Évoquant pêle-mêle la responsabilité sociale des entreprises (RSE), le rapport Notat-Senart sur l’objet social de l’entreprise et l’entrepreneuriat social, le quatrième chapitre, « Économie(s) sociale(s) et solidaire(s) », apparaît assez décalé par rapport au sujet mutualiste... si ce n’est que les auteurs insistent sur le fait que les mutuelles ne doivent pas négliger la capacité des concurrents issus du secteur lucratif à porter des projets d’intérêt général. Le cinquième et dernier chapitre, « La nouvelle société », se veut prospectif en misant sur la faculté du modèle mutualiste à relever les défis sociétaux et technologiques en se réinventant continuellement.
Les auteurs de ce deuxième « Que sais-je ? » sont bien connus du lectorat mutualiste, puisque l’un, Thierry Beaudet, est le président de la Mutualité française et l’autre, Luc Pierron, son conseiller.
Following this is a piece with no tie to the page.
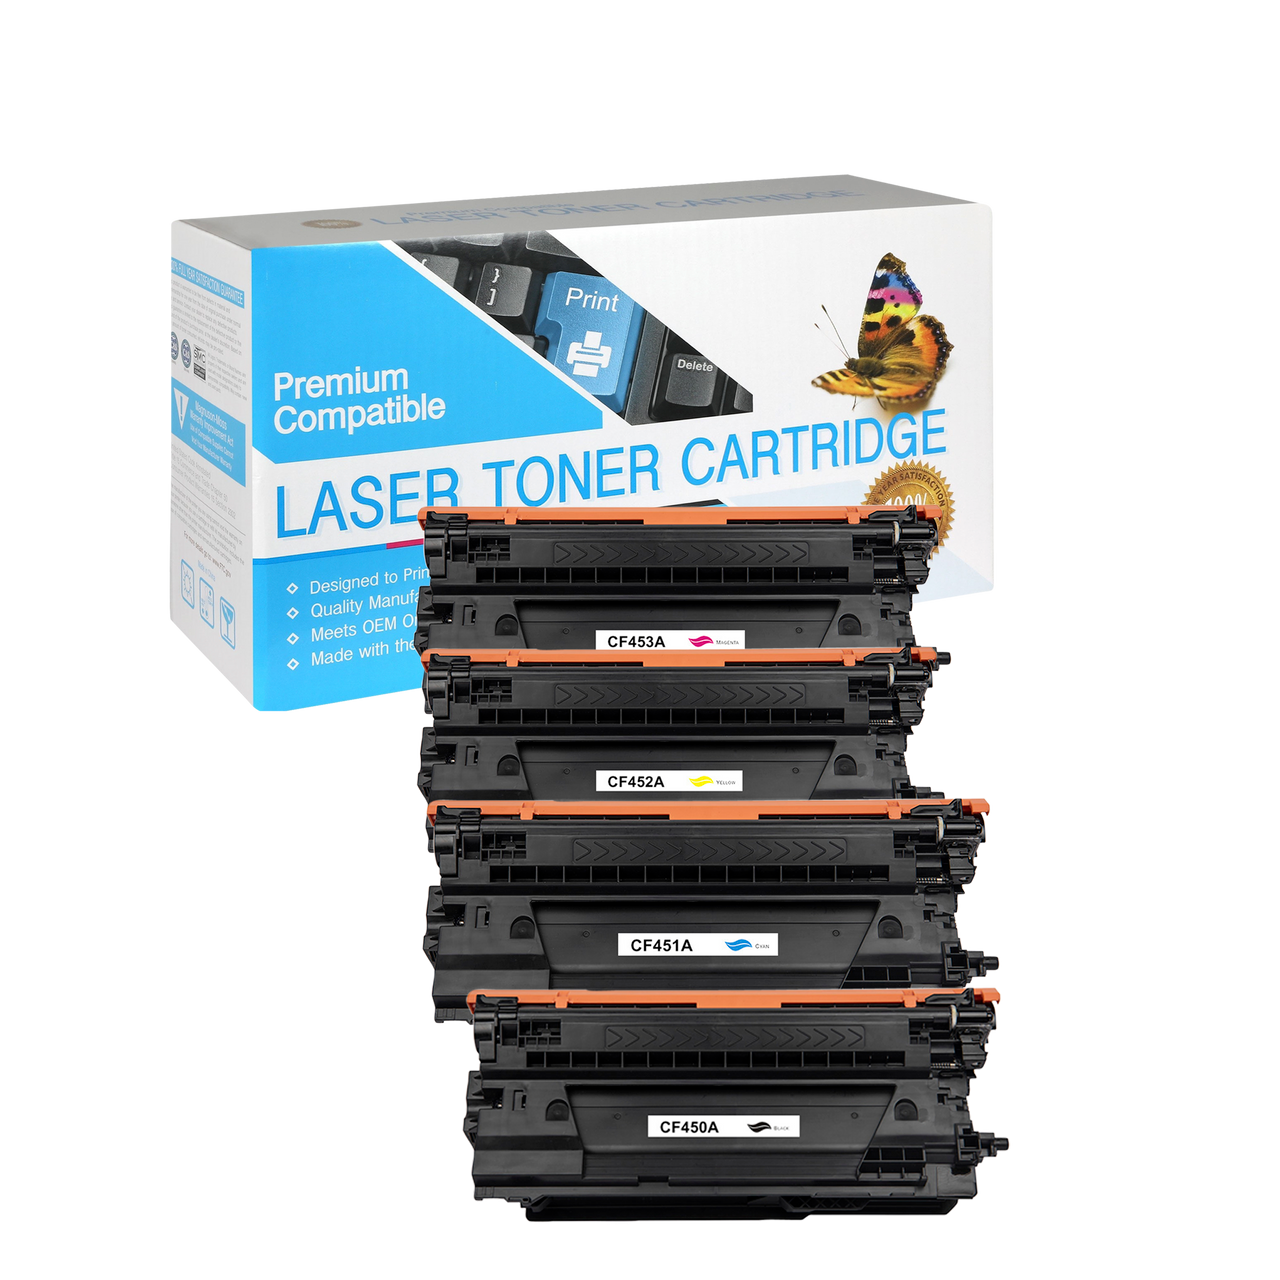 Compatible HP 657X Toner Cartridge (All Colors, High Yield) by SuppliesOutlet

Sans doute y aurait-il matière à discuter ce choix de l’éditeur, qui a pris ainsi le risque de publier un ouvrage promotionnel.
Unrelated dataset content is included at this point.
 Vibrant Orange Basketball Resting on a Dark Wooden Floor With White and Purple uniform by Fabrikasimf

Les auteurs évitent toutefois un propos trop lisse en n’occultant pas les questionnements qui traversent le mouvement concernant les évolutions récentes et celles à venir, et en exprimant leur agacement face à une pléthore de réglementations qui tend à réduire la marge de manœuvre des mutuelles : « Est-il encore raisonnable pour le mouvement mutualiste de continuer à proposer des pistes d’action aux pouvoirs publics, si cela induit une réglementation toujours plus étendue qui l’oblige à transiger avec ses principes et ses valeurs ? » Ils n’hésitent pas non plus à énoncer des convictions auxquelles le lecteur peut ne pas adhérer.
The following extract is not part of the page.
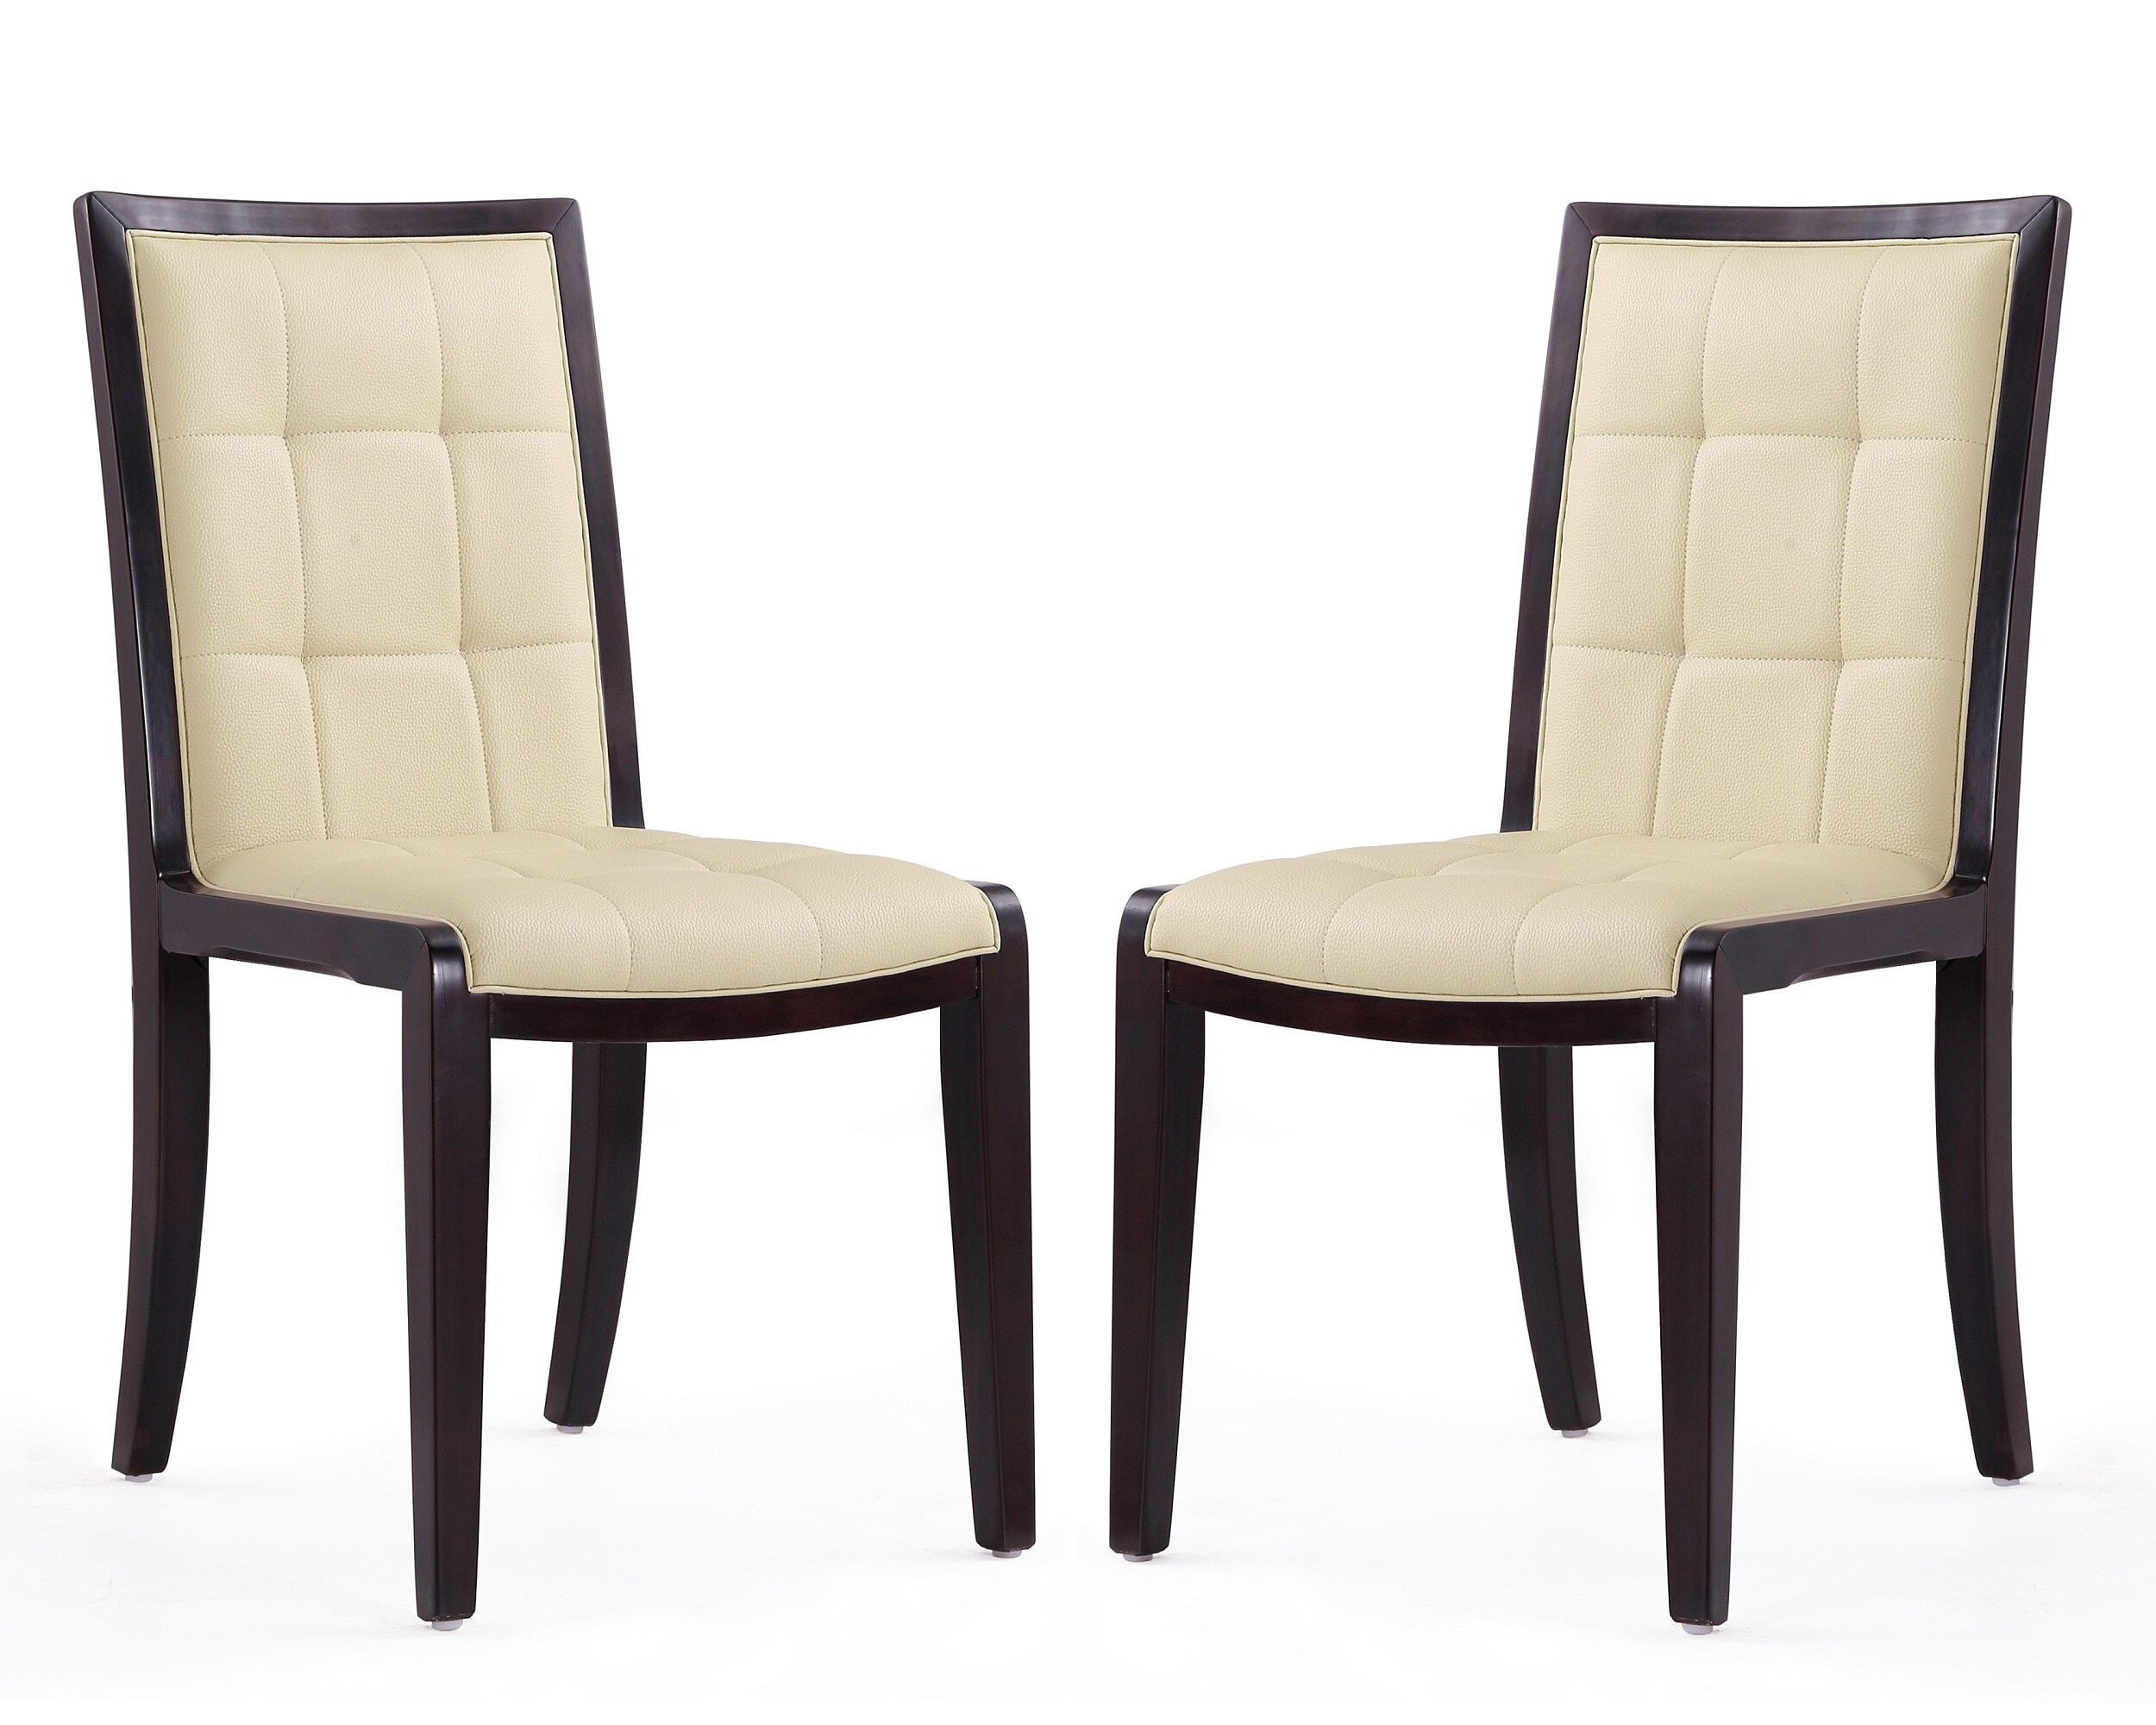 Manhattan Comfort Fifth Avenue Cream and Walnut Faux Leather Dining Chair (Set of Two)

Ainsi, à cette assertion figurant dans la conclusion – « Le principal risque pour la mutualité est l’institutionnalisation » (p. 105) – on peut rétorquer qu’en termes de qualité de protection sociale le principal risque, pour l’assuré social et adhérent mutualiste, réside plutôt dans la banalisation, qui sape les logiques solidaires et promet à court terme une accélération des inégalités dans l’accès à la santé.
De même, on peut admettre que « la mutualité n’est pas soluble dans l’assurance-maladie » (p. 92) car elle s’en distingue par la personnalisation des offres et des services... Cependant, la personnalisation des offres est indissociable d’une différenciation des tarifs, qui aboutit à ce que les adhérents les plus aisés soient les mieux soignés ; or, aucun principe mutualiste ne peut justifier cette pratique dictée par la rationalisation gestionnaire.
Les « Que sais-je ? » s’adressent avant tout à des lecteurs désirant acquérir une connaissance synthétique sur une thématique dont ils sont peu familiers. De ce point de vue, cet ouvrage remplit bien son office, et sa lecture peut être profitable aux étudiants en économie sociale et solidaire comme à tout lecteur curieux de s’instruire sur cet acteur primordial (au sens chronologique et qualitatif) du système de protection sociale.